Remembering the Lady with the Lamp and honouring the nurses across the globe, the World Health Organisation celebrates the International Nurses Day annually on May 12.
The day marks the birth anniversary of Florence Nightingale, who showed the highest epitome of nursing care to the world. This year's celebration of the Day is more important as it celebrates the 200th birth anniversary of Nightingale, the founder of modern nursing.
Under the horrifying pandemic situation, the nursing fraternity across the world deserve the highest respect and honour for their relentless and selfless services for the well-being of the people by being the flag bearers of the fight against Covid-19.
Rather than the doctors, the nurses are those 'angels' who work more with the patients and assures their well-health throughout.

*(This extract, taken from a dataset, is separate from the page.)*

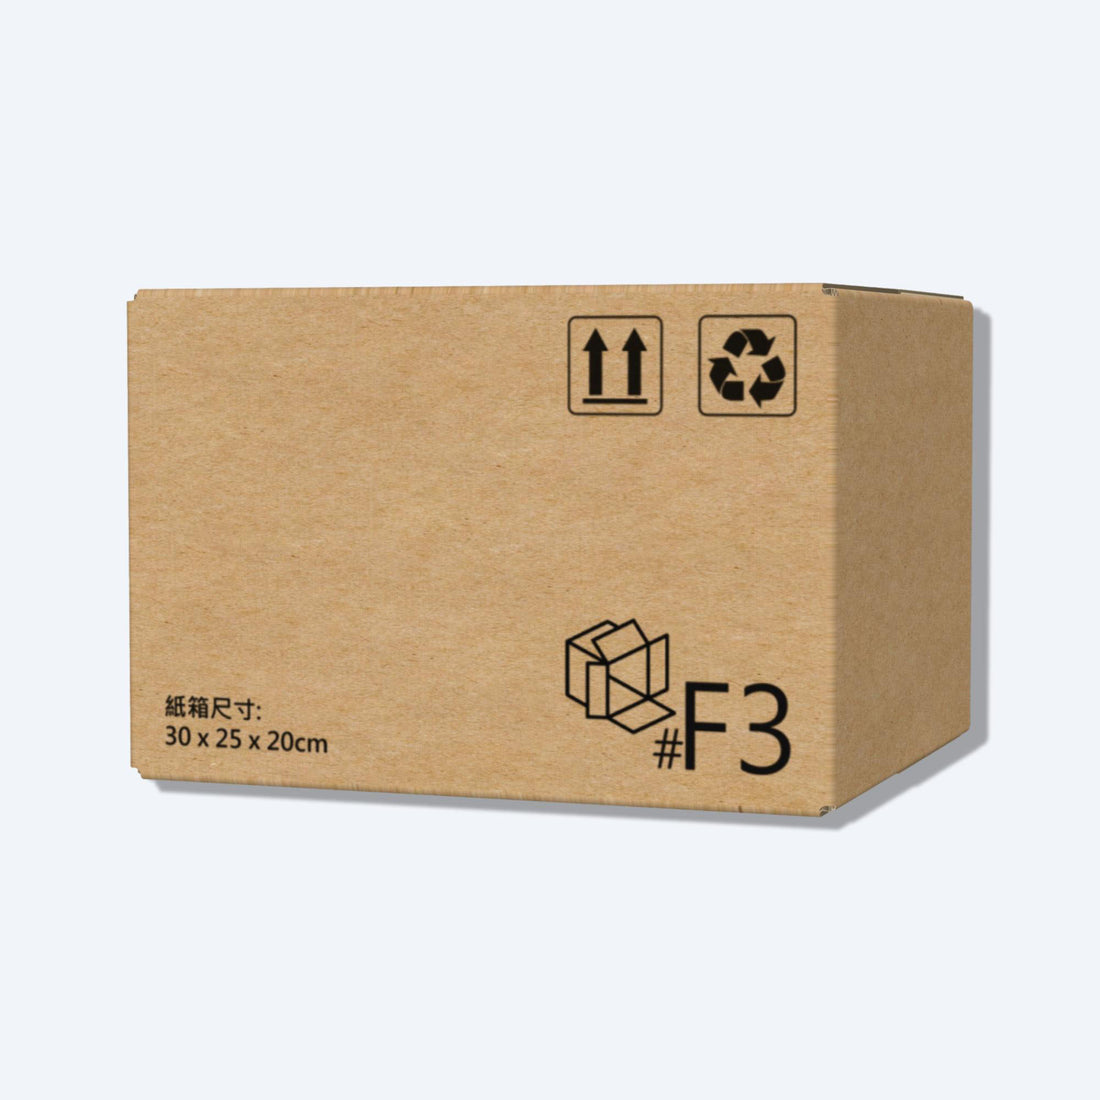 Express carton (SF carton F3 size)

International Nurses Day 2020
The theme for this year's celebrations is 'Nursing the World to Health.' The theme for International Nurses Day 2019 was – 'Nurses – A Voice to Lead – Health for All.'
According to the WHO, 'Nurses account for more than half of all the world's health workers, yet there is an urgent shortage of nurses worldwide with 5.9 million more nurses still needed, especially in low- and middle-income countries.'
WHO on International Nurses Day 2020
The World Health Organisation, on behalf of the day and the pandemic crisis, has urged all the nations to ensure:
- the occupational safety and health of nurses along with the other health workers, notably through the unhindered access to personal protective equipment so that they can safely provide care and reduce infections in health care settings.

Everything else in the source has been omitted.